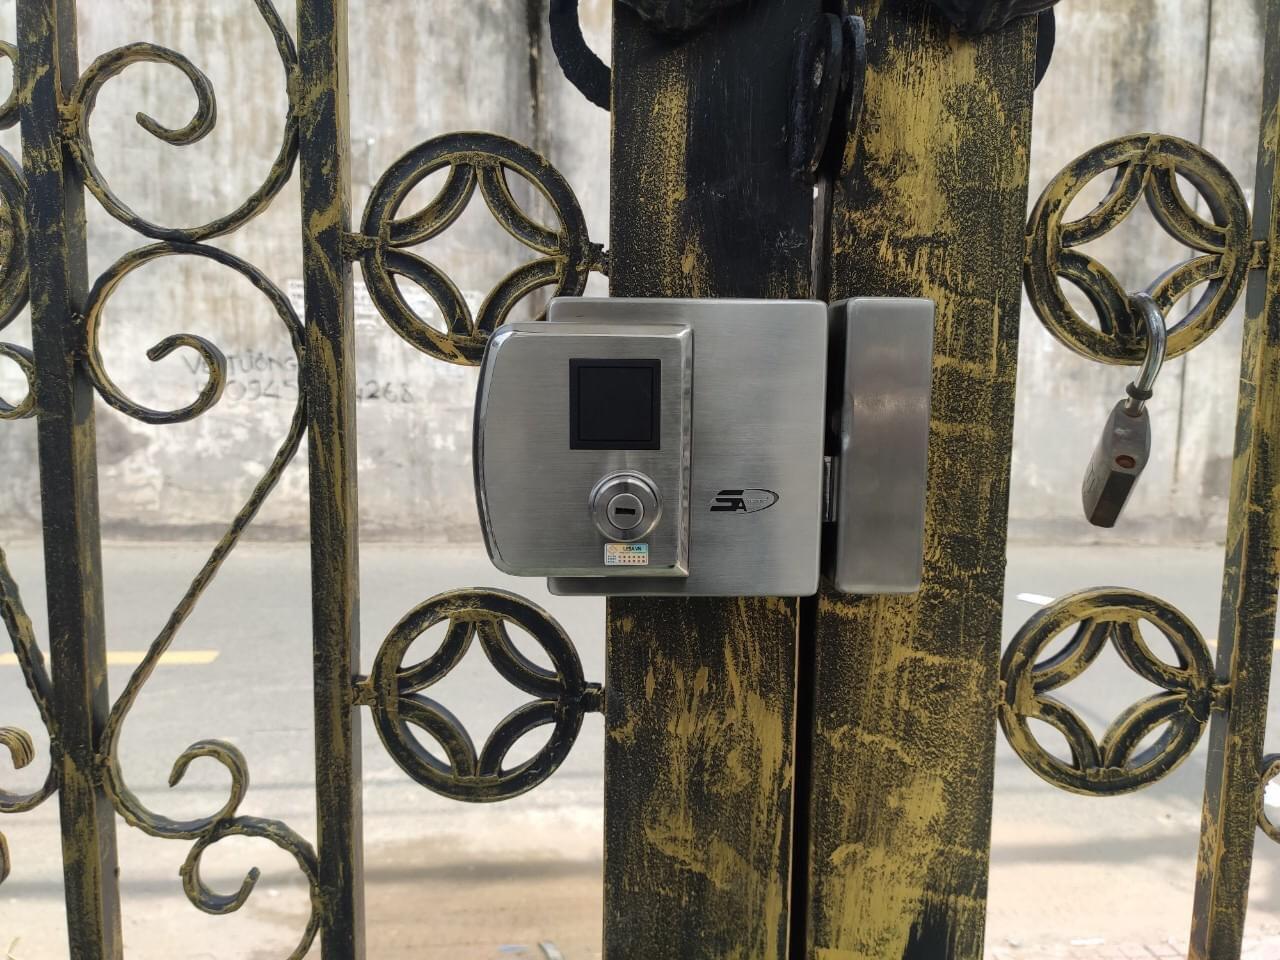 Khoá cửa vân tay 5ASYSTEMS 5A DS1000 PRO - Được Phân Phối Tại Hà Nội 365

==

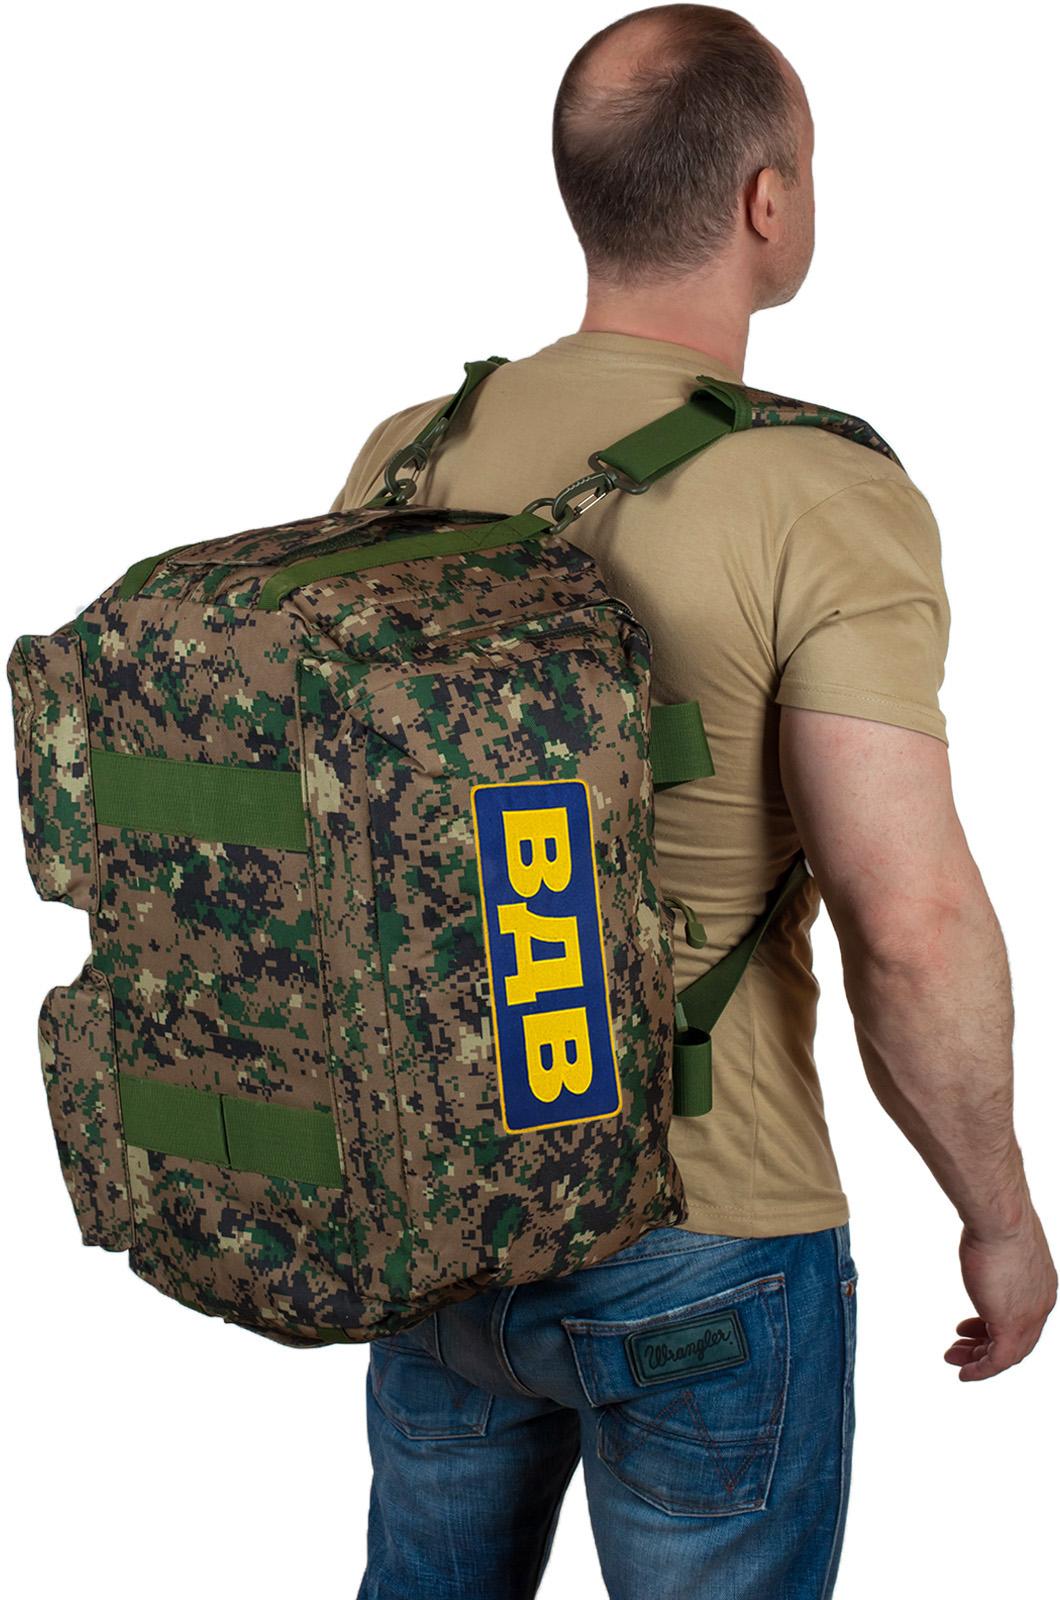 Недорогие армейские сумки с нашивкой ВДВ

--

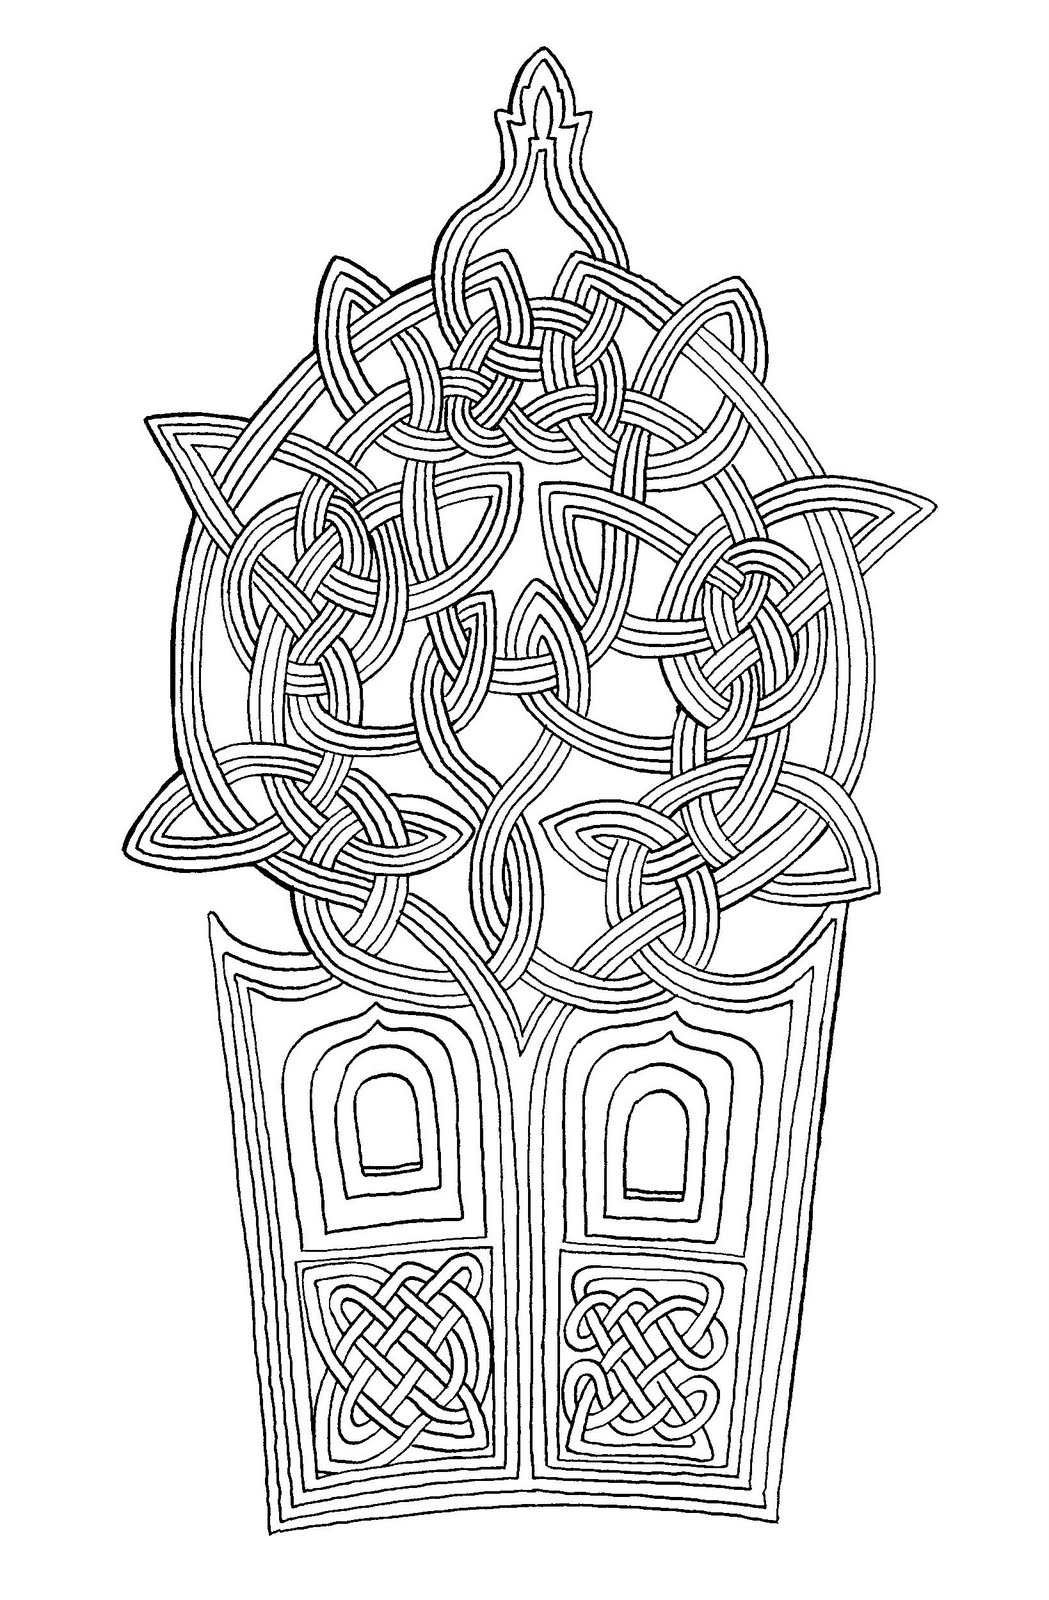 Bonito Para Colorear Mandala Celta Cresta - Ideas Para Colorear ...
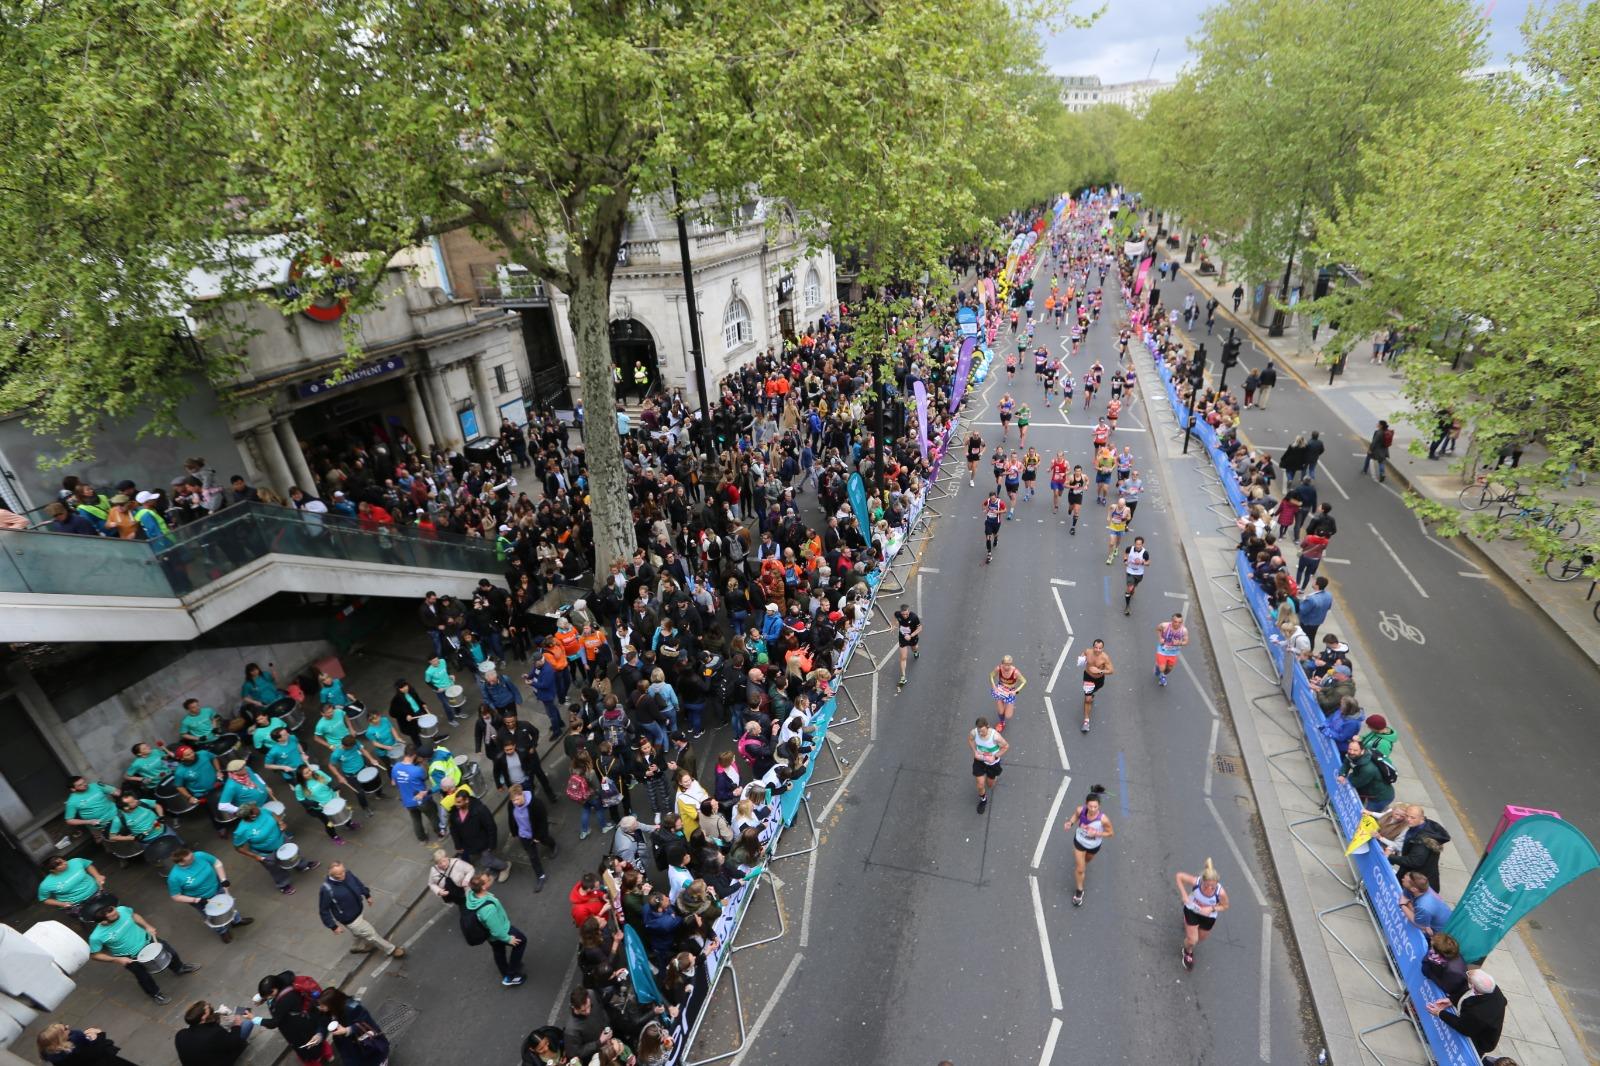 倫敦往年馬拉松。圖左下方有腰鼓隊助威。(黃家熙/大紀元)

■ **Your instructions**: Among the entries above, find the line with "Bonito Para Colorear" and repeat exactly from there through the line with "倫敦往年馬拉松。圖左下方有腰鼓隊助威。(黃家熙/大紀元)", leaving out the pictures.

■ **Output for this task**:
 Bonito Para Colorear Mandala Celta Cresta - Ideas Para Colorear ...
 倫敦往年馬拉松。圖左下方有腰鼓隊助威。(黃家熙/大紀元)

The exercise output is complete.